Reputation: 327
I have a csv file and I have to compute the mean for some of the columns. That's how I did:
file = csv.reader(open('tab.csv','r'))
n = []
for row in file:
n.append(row[8])
So I have a list of string: n = ['', '', '1.58', ...]
.
How can I convert these to float?
I tried with:
n_values = np.array(n)
n_values[n == ''] = '0'
values = n_values.astype(np.float)
np.mean(values)
But the mean is not correct because I should skip the empty strings not counting.
Upvotes: 18
Views: 51006
Reputation: 400
Just add quoting=csv.QUOTE_NONNUMERIC
:
Instructs
reader
objects to convert all non-quoted fields to type float.

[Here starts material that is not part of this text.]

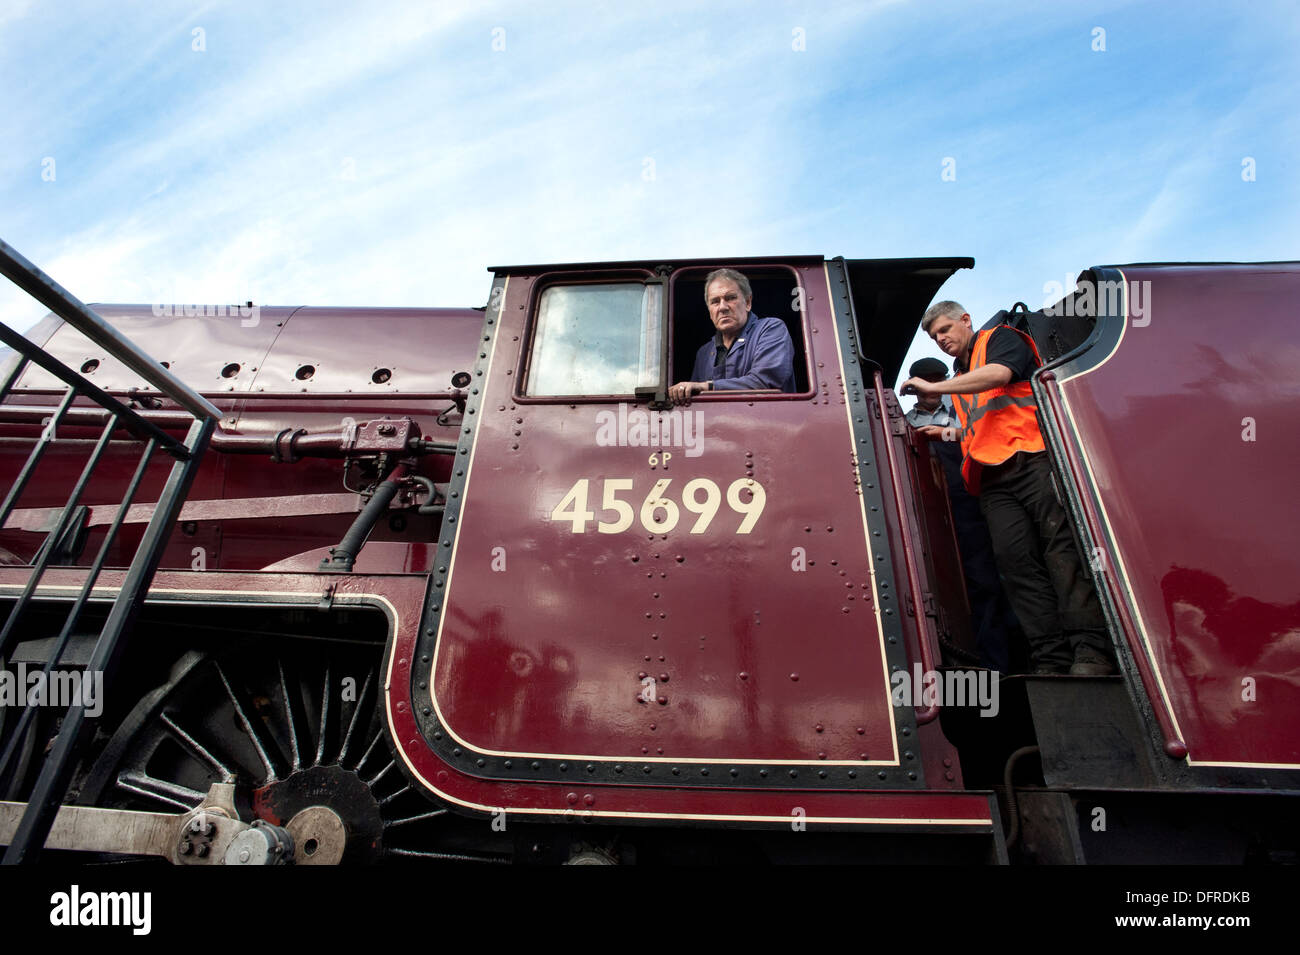 The driver and fireman of an LMS ( London Midland Scottish ) Jubilee class steam locomotive 45699 'Galatea', at 'Locomotion', part of the NRM's exhibition at the National Railway Museums Shildon museum. Stock Photo
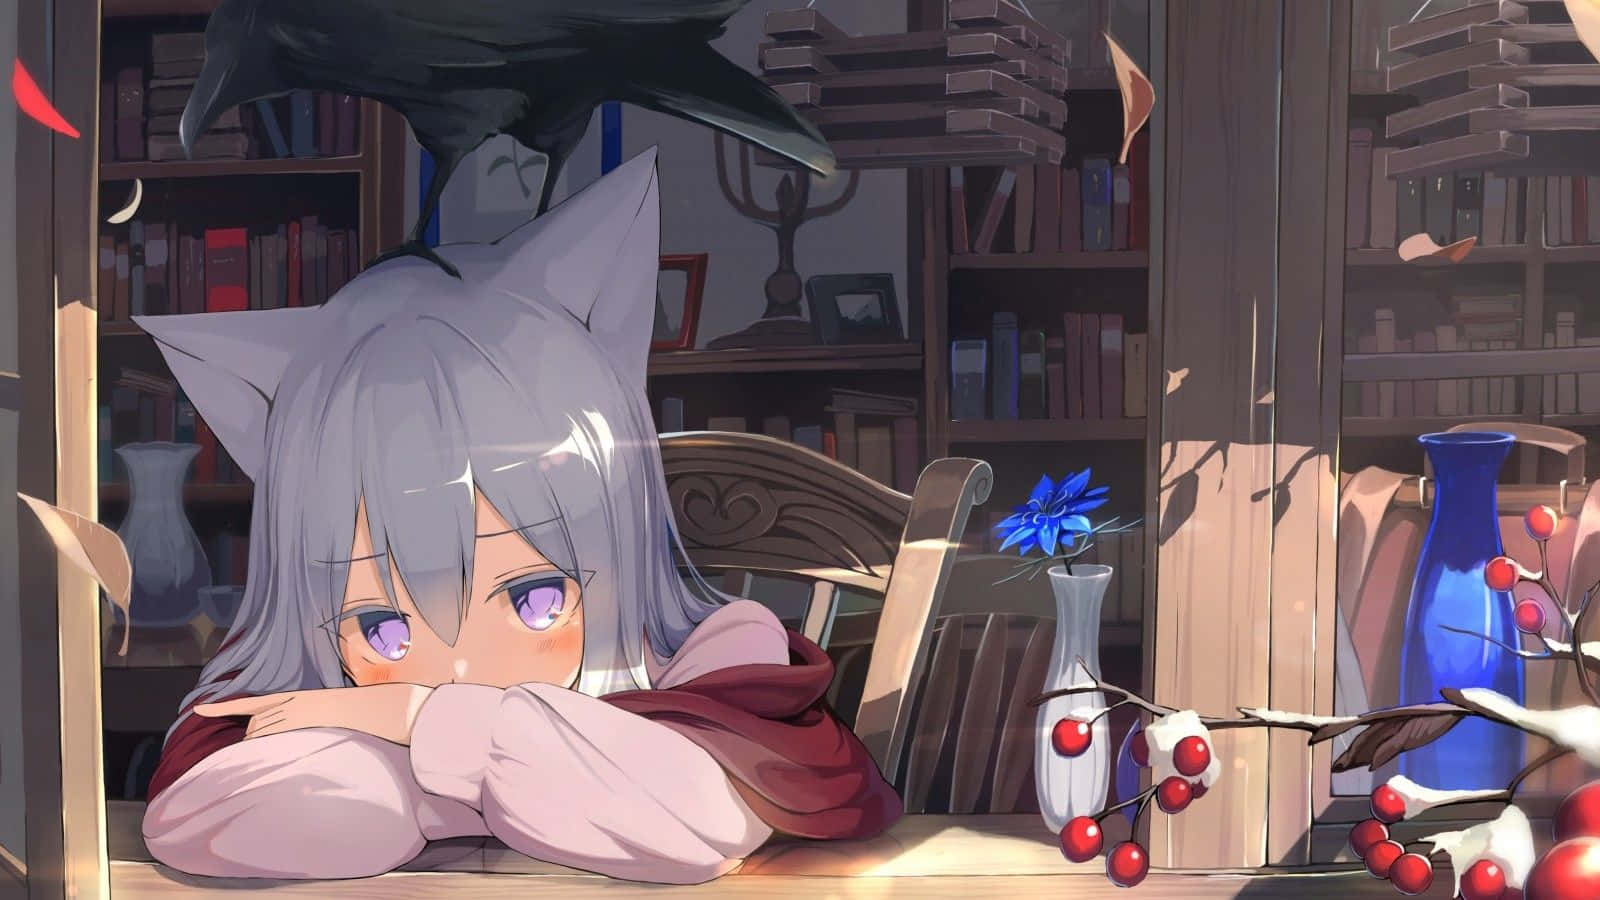 Sitting back and relaxing with cozy anime Wallpaper

with open('tab.csv', newline='') as file:
reader = csv.reader(file, quoting=csv.QUOTE_NONNUMERIC)
n = []
for row in reader:
n.append(row[8])
Upvotes: 20
Reputation: 180411
Just cast as you append:
n.append(float(row[8]))
If there are empty strings catch those before appending.
try:
n.append(float(row[8]))
except ValueError:
continue
Or you might want to try pandas, in particular pandas.read_csv:
import pandas as pd
df = pd.read_csv("in.csv")
print(df["col_name"].mean())
Upvotes: 17